There is a small storm on the horizon, however. In a sense, this was an easy year – lots of money, lots of optimism. But next year, there is a challenge. The Congress will likely awake to the fact that they cannot payoff the huge mortgage on the future made in this year, unless the economy really starts to turn around. That means belt-tightening in all the agencies, and likely science could suffer stagnation. Whether that derails projects now ramping under a positive climate, we will see.
There is a deeper problem, however: science agencies. There is an observation in Congress that the field is not sending its best and brightest to the agencies to serve for 5-10 years. They recognize that there are few avenues for such a thing to occur – historically, such service is discouraged by university and colleague treatment of the “seriousness” of such individuals in their commitment to science.

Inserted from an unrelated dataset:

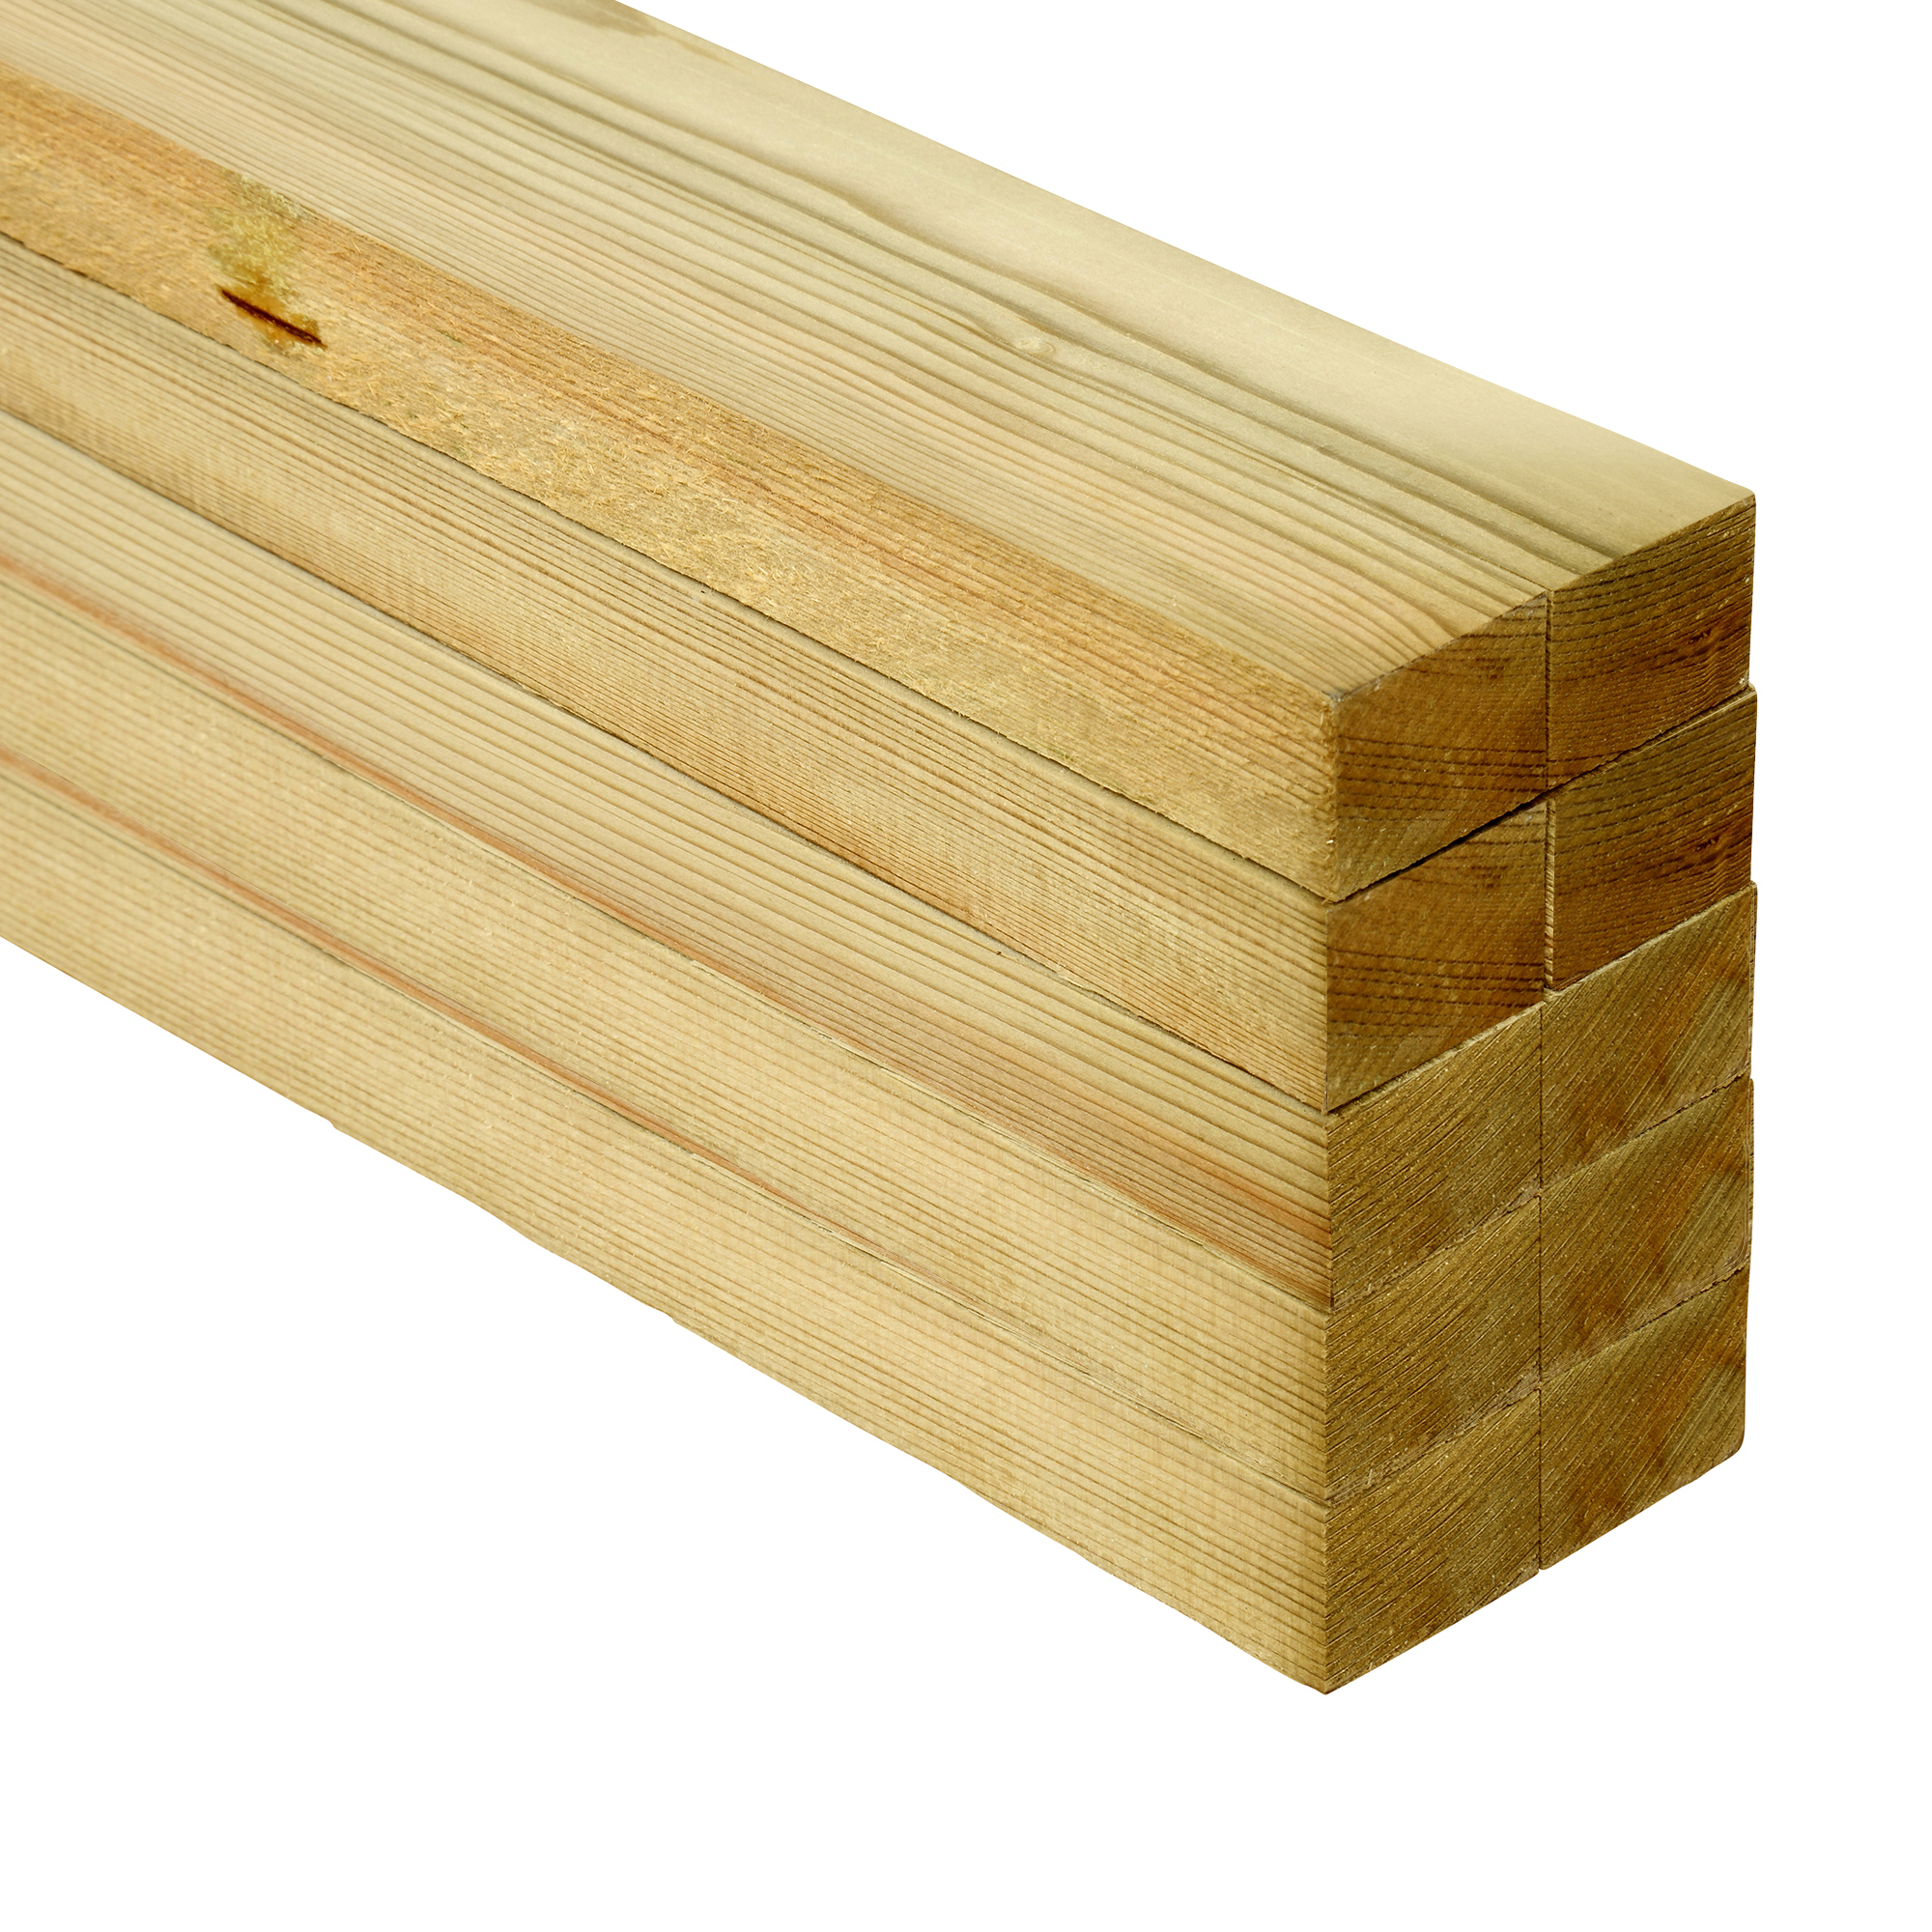 Image of Wickes Treated Sawn Timber - 25 x 38 x 2400mm - Pack of 10

One strong advocate for science support in the House even went so far as to say that this is going to destroy our field, unless we find a way to send our best to Washington for 5-10 years to work with the scientists and evolve science policy.
There is a shorter-term problem for science agencies: general staffing. They are short-handed in some cases by 50% and dealing with 200% more money than usual thanks to the Recovery Act. They are under such pressure to deliver the money, both from the top and the bottom, that they are acting with deliberate caution.
This may be a good year for science, but there are cracks and they lead to the future. The amount of money in the system is showing the weaknesses of the system. The Congress may back off the throttle next year in the face of growing deficits, if we don’t remind them about how important science is to the national economy. The agencies may wilt under the weight of all this money, and God forbid it is badly managed in any way. The agencies need people with a deep and abiding interest in the health and breadth of the field to step in and serve their country, but those people need to know they are welcome back in the community once they are done. We face more challenges now than ever, and money isn’t going to solve those problems.
But it helps to start solving all those other problems. After all, without actual funded research there is no policy worth writing.